### EXERCISE INSTRUCTIONS
Using the records below, write out only the lines from the line containing "Надеты кольца золотые." up to and including the line containing "Smurfs' Village' game smurfs next month", exactly, with no pictures.

### GIVEN RECORDS

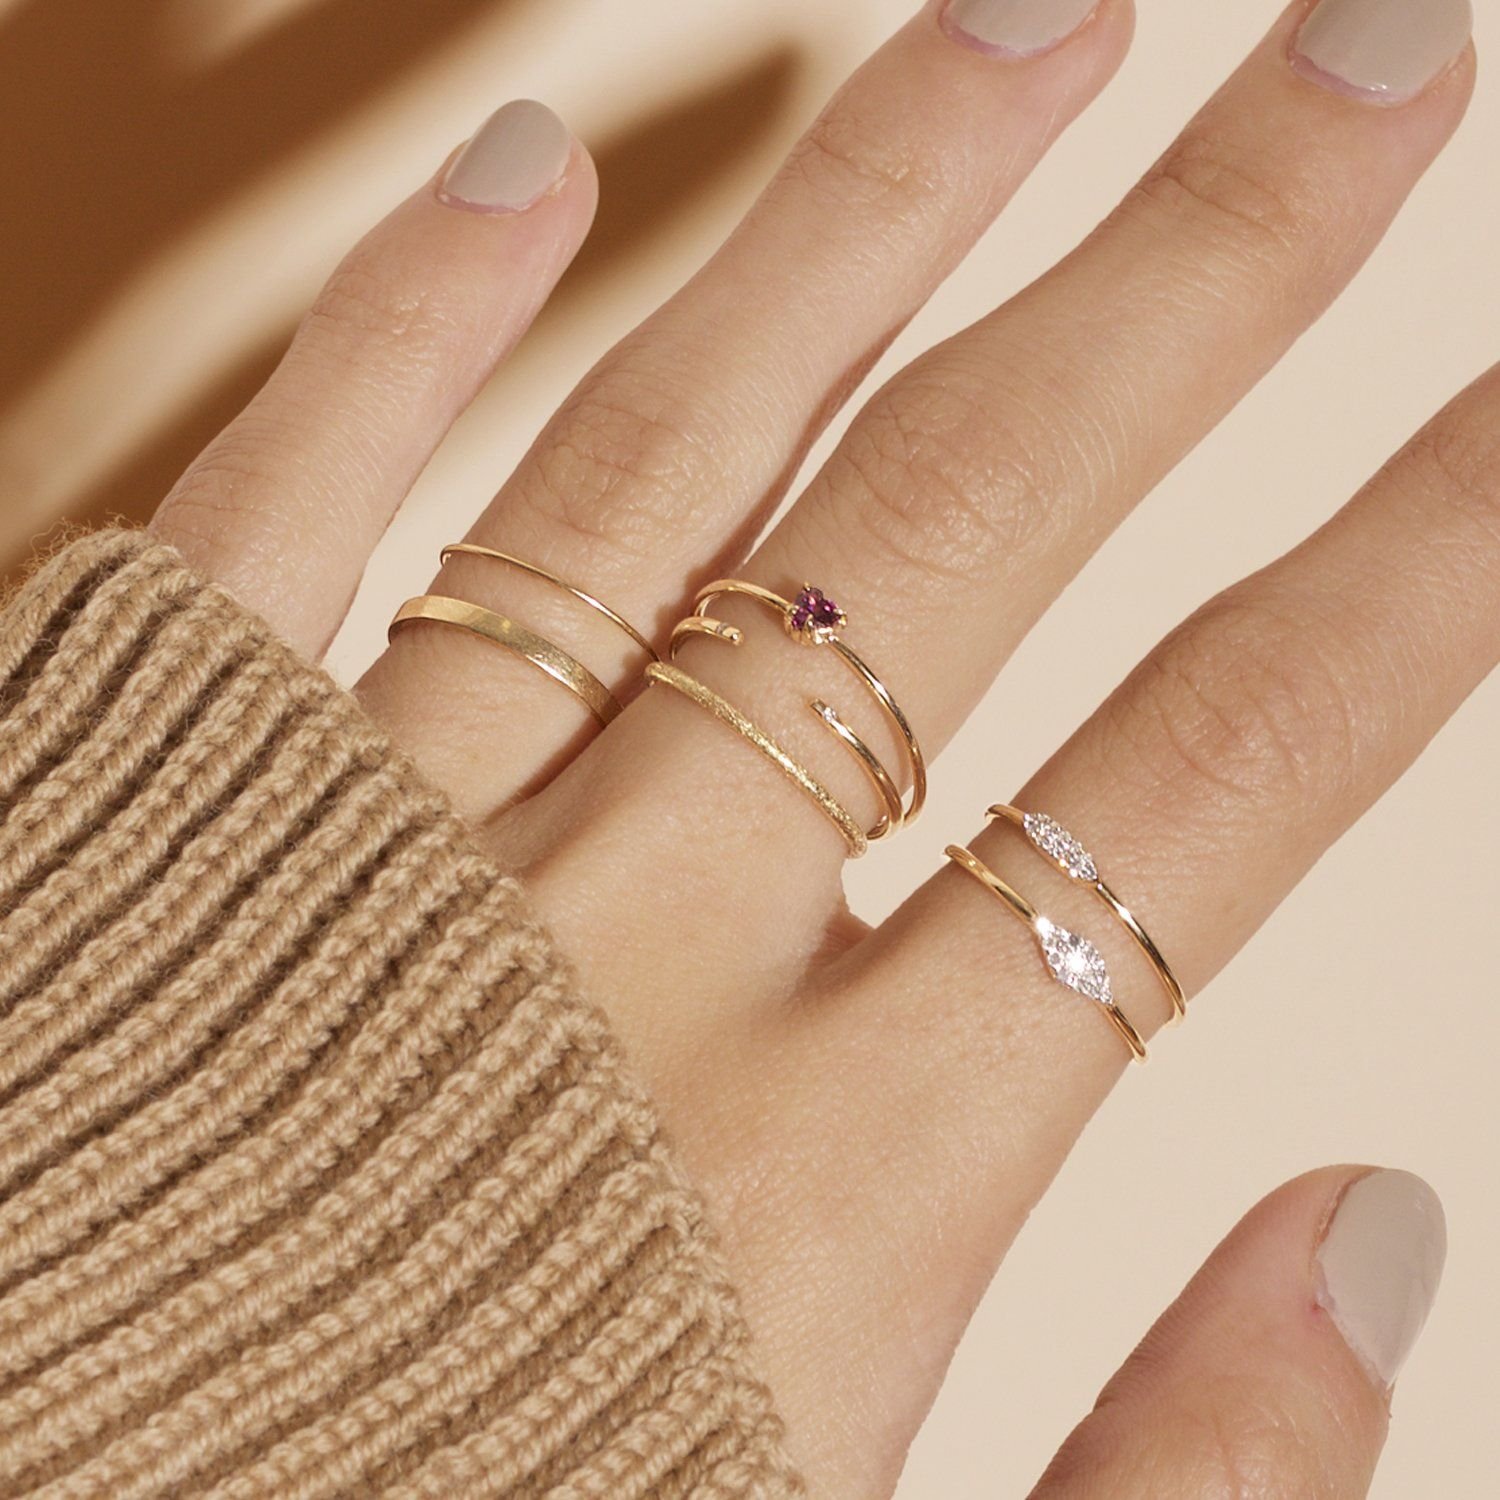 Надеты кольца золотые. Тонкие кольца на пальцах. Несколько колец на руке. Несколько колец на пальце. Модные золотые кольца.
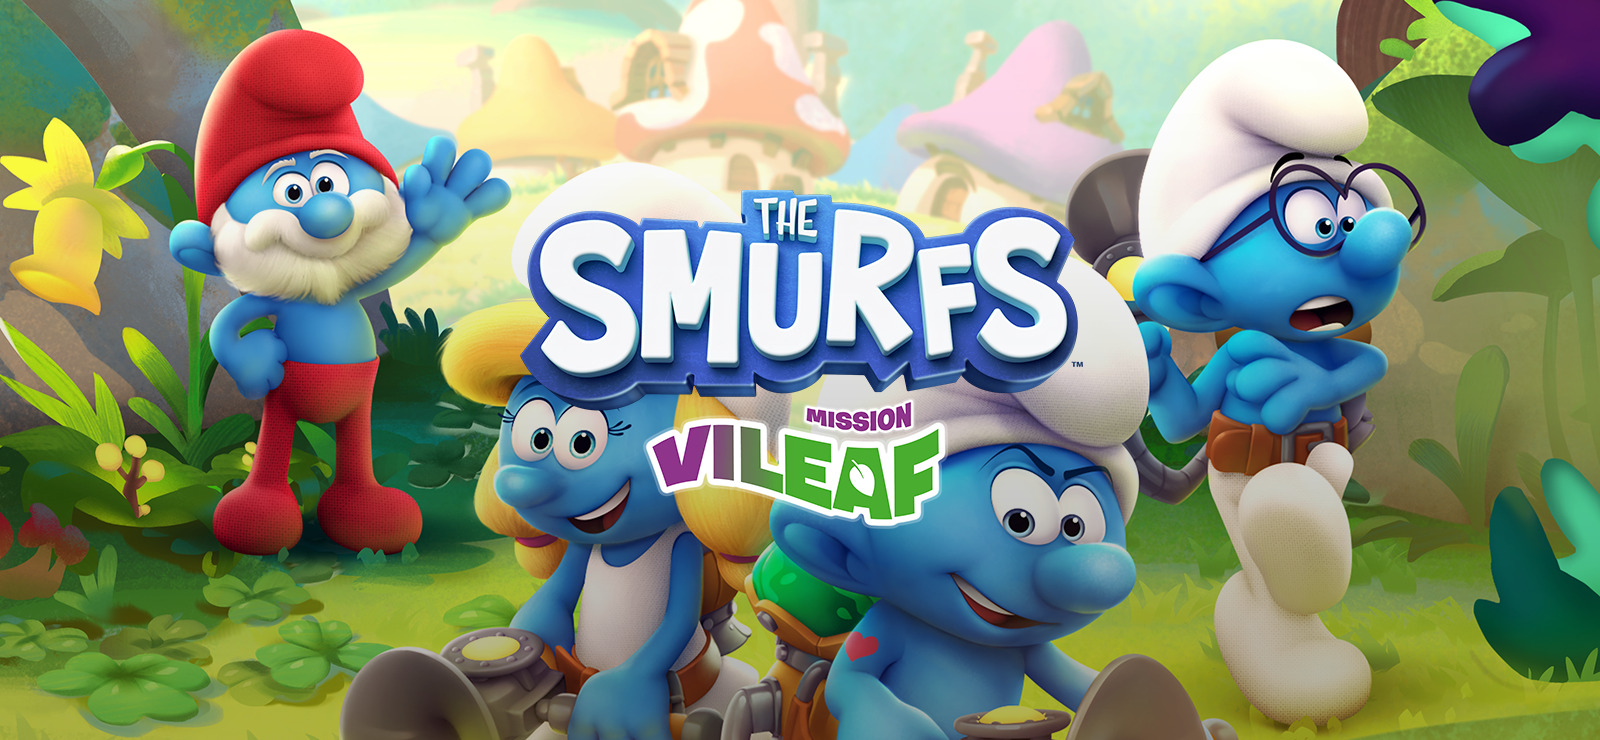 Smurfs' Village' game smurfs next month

---

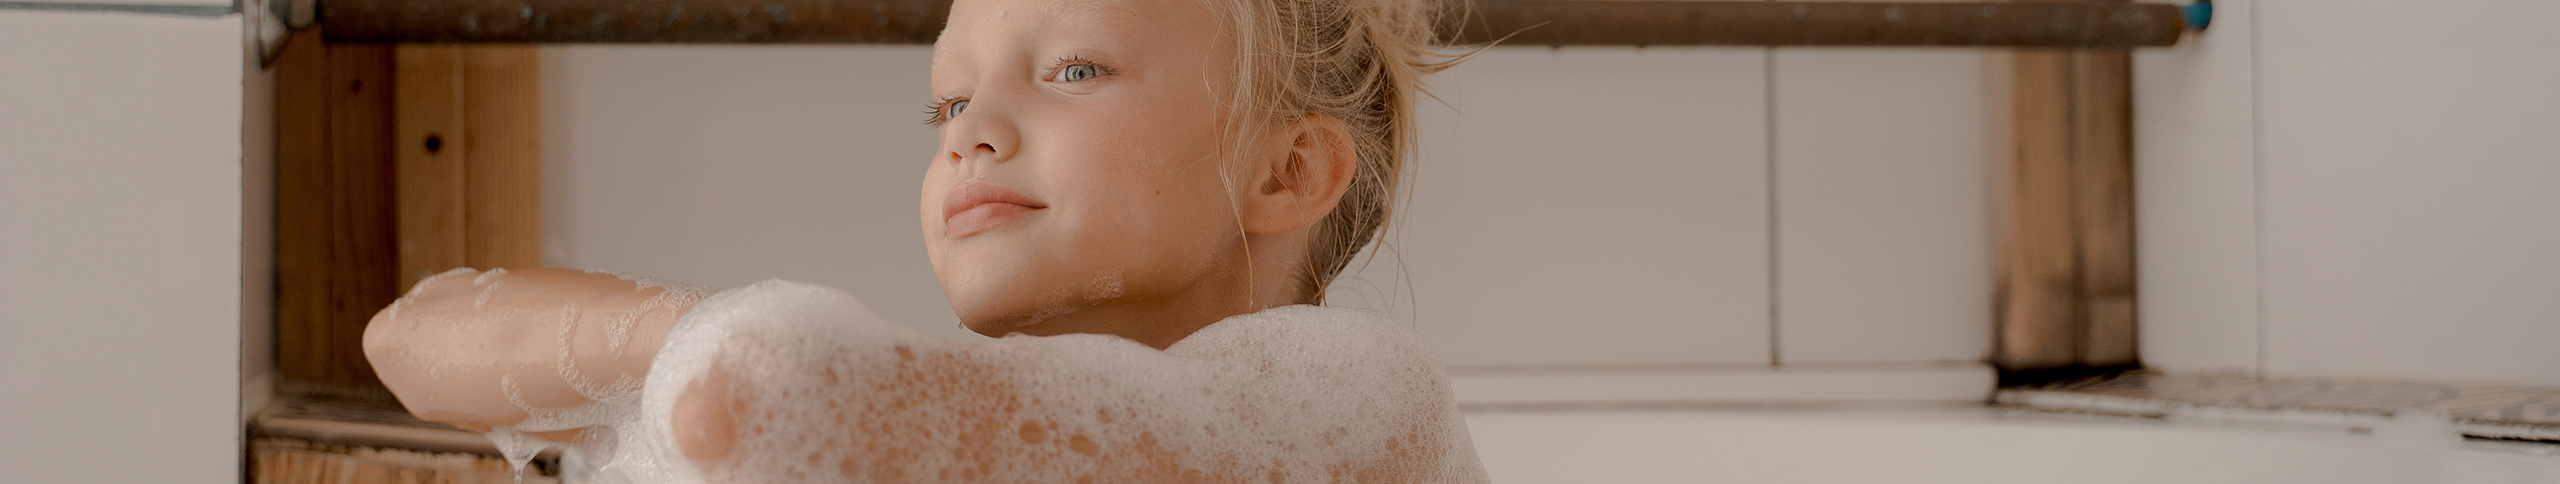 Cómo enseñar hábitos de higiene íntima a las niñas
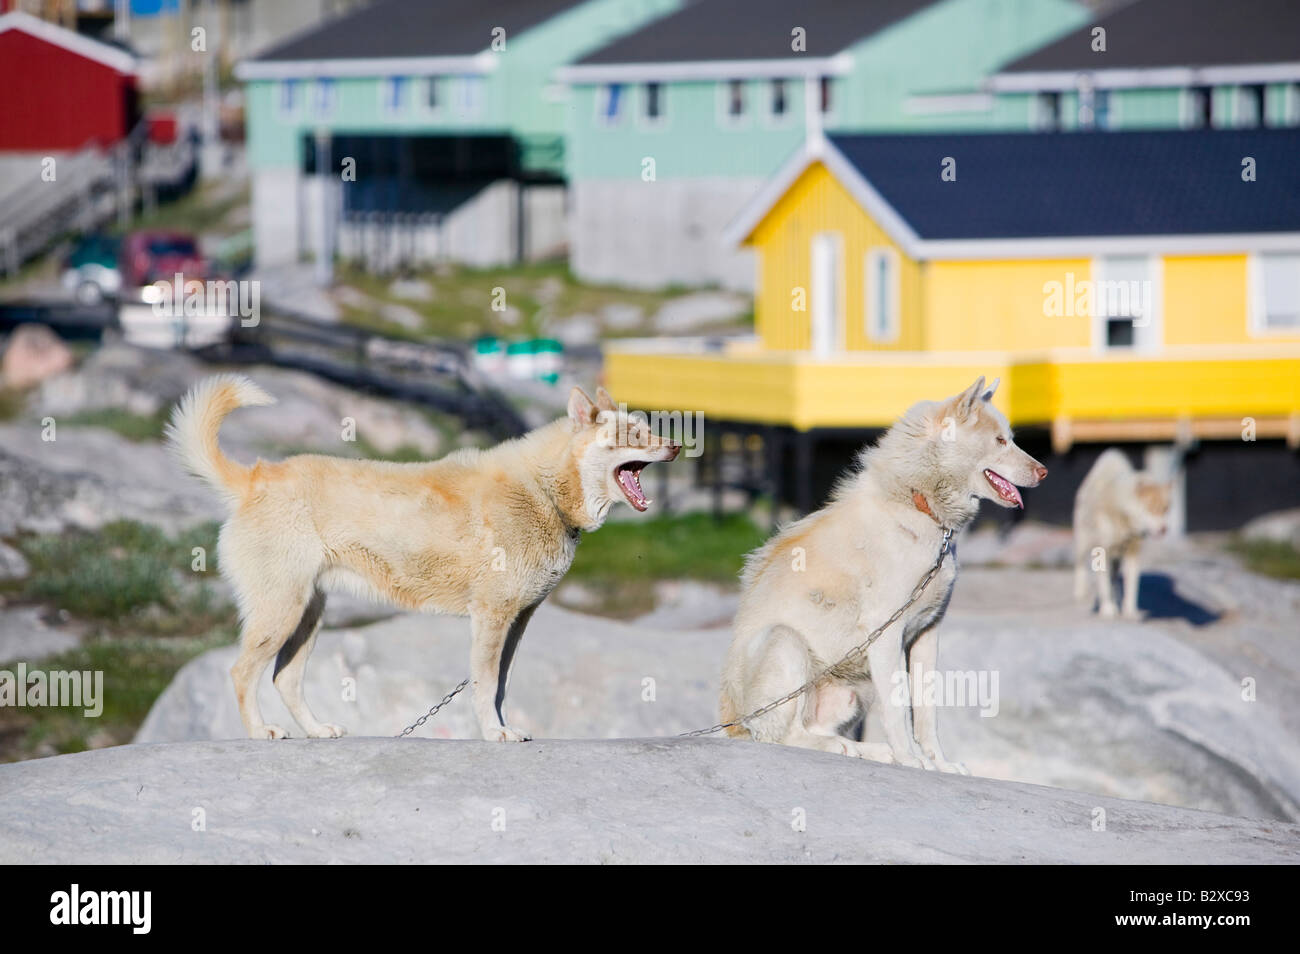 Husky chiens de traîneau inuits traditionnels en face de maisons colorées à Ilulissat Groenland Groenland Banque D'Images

* * *

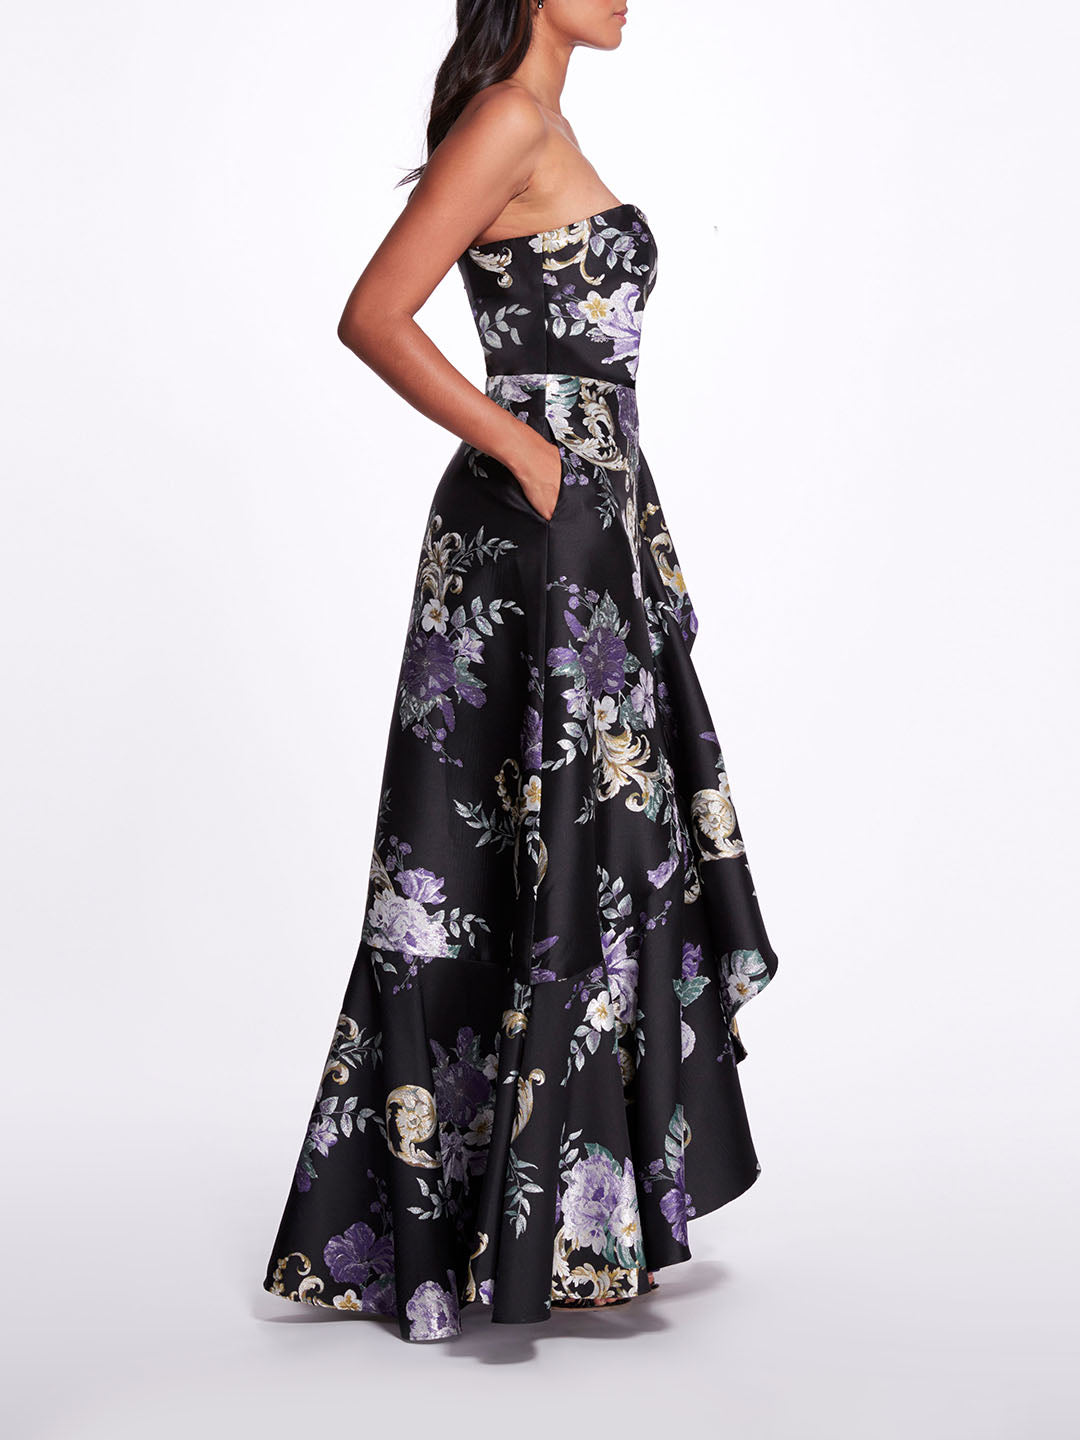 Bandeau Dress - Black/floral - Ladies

### RESPONSE FOR THIS EXERCISE
 Надеты кольца золотые. Тонкие кольца на пальцах. Несколько колец на руке. Несколько колец на пальце. Модные золотые кольца.
 Smurfs' Village' game smurfs next month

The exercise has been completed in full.